Research Findings Show That Veracyte’s Molecular Classifier Improves Non-Surgical IPF Diagnosis Using Bronchoscopy Samples

Research Findings Show That Veracyte’s Molecular Classifier Improves Non-Surgical IPF Diagnosis Using Bronchoscopy Samples

This week at the American Thoracic Society 2015 International Conference in Denver, Veracyte, Inc., a diagnostic company based in San Francisco, presented preliminary data showing that the company’s molecular classifier successfully distinguished idiopathic pulmonary fibrosis (IPF) from other interstitial lung diseases (ILDs) using samples obtained through bronchoscopy.  The presentation coincides with the company’s recently released study, entitled, “Classification of usual interstitial pneumonia in patients with interstitial lung disease: assessment of a machine learning approach using high-dimensional transcriptional data,” published in the latest edition of The Lancet Respiratory Medicine.

About Idiopathic Pulmonary Fibrosis

IPF is a chronic disease that results in a scarring and thickening of lung tissue, without a known cause.  It is considered an orphan disease, meaning that it is extremely rare and its precise incidence and prevalence rates globally are unknown.  Studies have shown that the rates of IPF are increasing globally, and may not be considered rare in the near future. The unknown origin of the disease has led to speculation among scientists that it may be environmentally linked, in which case the lungs are responding to injury such as chronic cigarette smoking or exposure to chemicals. Genetic and immune dysfunction has also been thought to possibly play a role in disease manifestation.

About the Research

The research findings demonstrated that the Veracyte’s molecular classifier was able to distinguish the presence of a specific molecular pattern that is a hallmark of IPF pathology, by non-invasive methods.  This ability was tested using transbronchial bronchoscopy (TBB) procedure samples obtained from clinical patients with various interstitial lung diseases at 11 hospitals in North America.

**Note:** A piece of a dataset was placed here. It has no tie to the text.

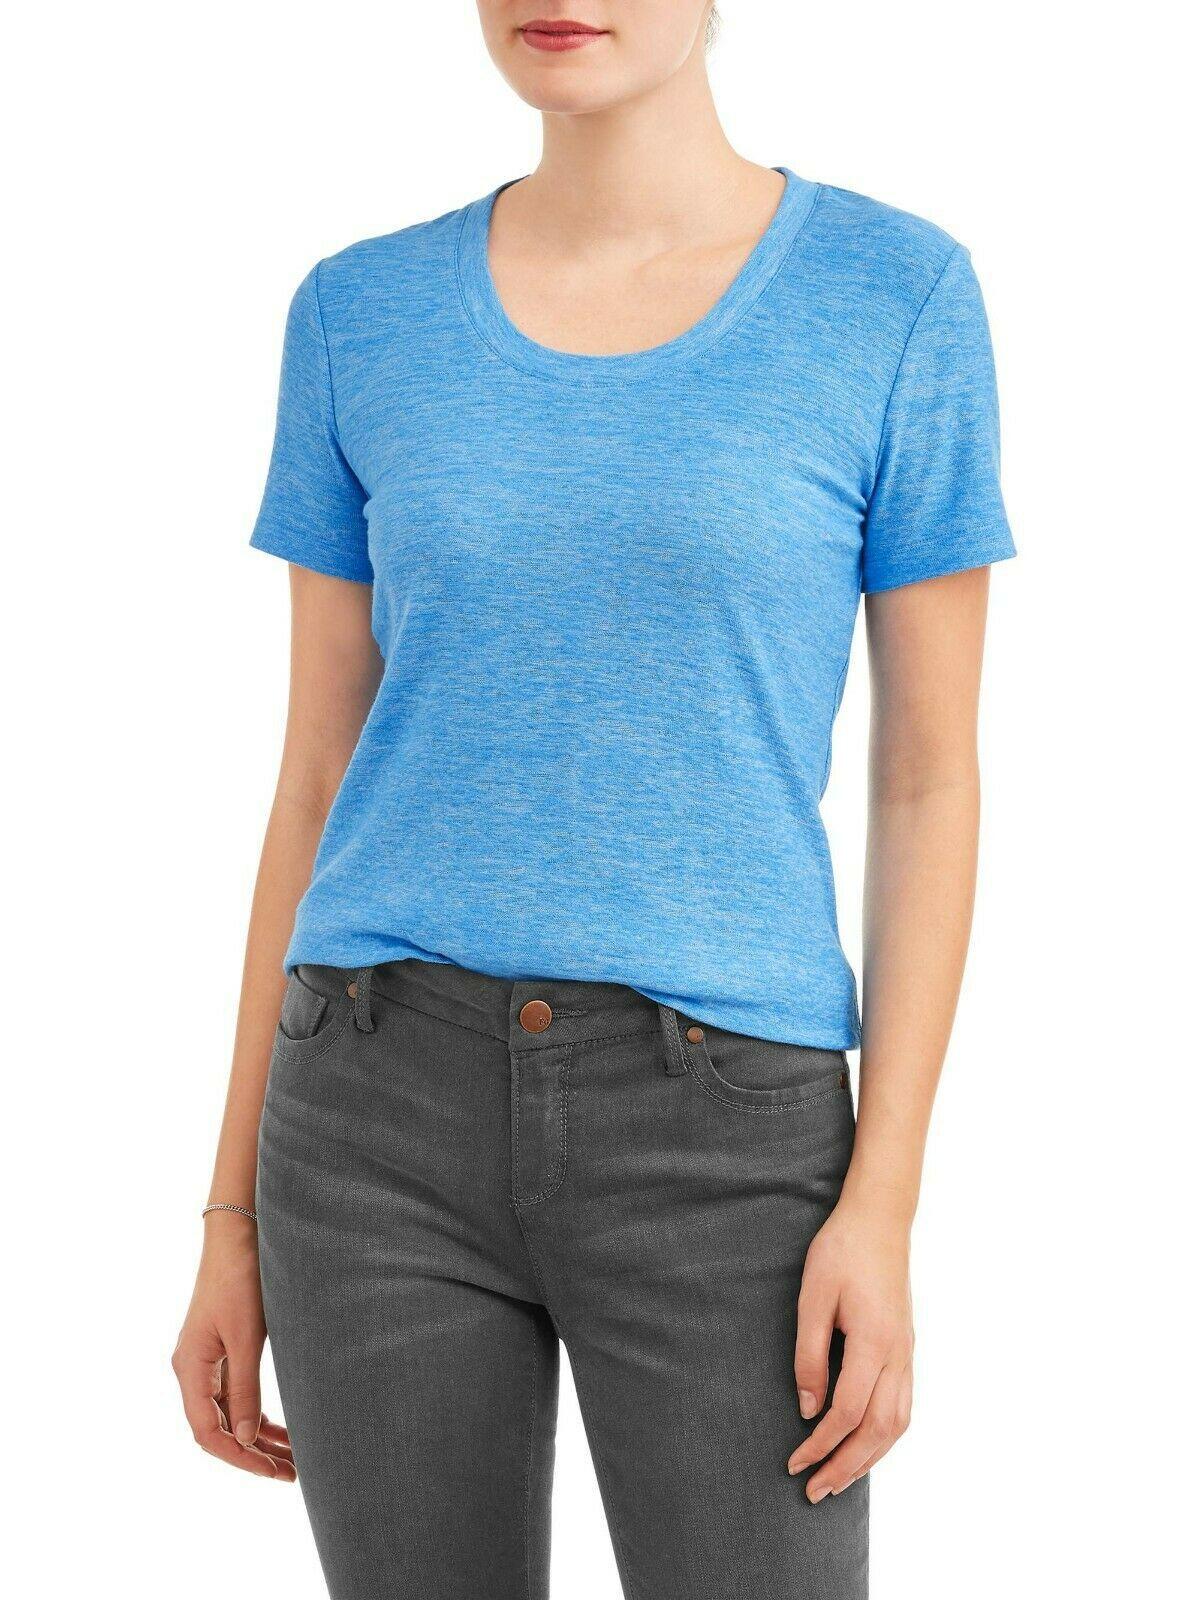 Time & Tru Women's Crew Neck T Shirt Blue XL (16-18) Short Sleeve Regular Fit

The molecular classifier uses whole-genome data and disease histopathology to distinguish the pathological pattern of IPF with a specificity rate of 92%. This theoretically means that the classifier may be able to identify and distinguish IPF from other ILDs, including non-specific interstitial pneumonia, emphysema and organizing pneumonia.

In a previous statement about the diagnostic capabilities of the company’s molecular classifier, Bonnie Anderson, president and CEO of Veracyte said, “We are excited to share our first proof-of-concept data for the development of a molecular classifier designed to improve ILD diagnoses. These conditions are often very challenging to diagnose, and the ability to deliver an early differential diagnosis without risky, invasive surgery could lead to significant improvement in treatment decisions for patients with suspected ILDs. This need is increasingly critical as the pipeline for IPF therapies expands, making increased life expectancy and quality of life improvements a possibility for patients who are accurately diagnosed.”

In a recent company press release, Dr. Giulia C. Kennedy, Ph.D., chief scientific officer of Veracyte, and senior study author, stated, “The recent availability of therapies that slow progression of IPF makes improved diagnosis of this disease even more imperative. The findings presented today suggest it is possible to develop a molecular test that will enable less invasive and more accurate diagnoses of IPF. These results move us one step closer to making such a test available to patients who could greatly benefit from it.”

Dr. Kennedy continued, “Taken together, findings from these studies confirm the potential of a genomic test to help physicians differentiate and diagnose IPF. We look forward to further improving our molecular classifiers by increasing the number of patient samples and incorporating additional information, such as radiologic and clinical information, into the algorithm.”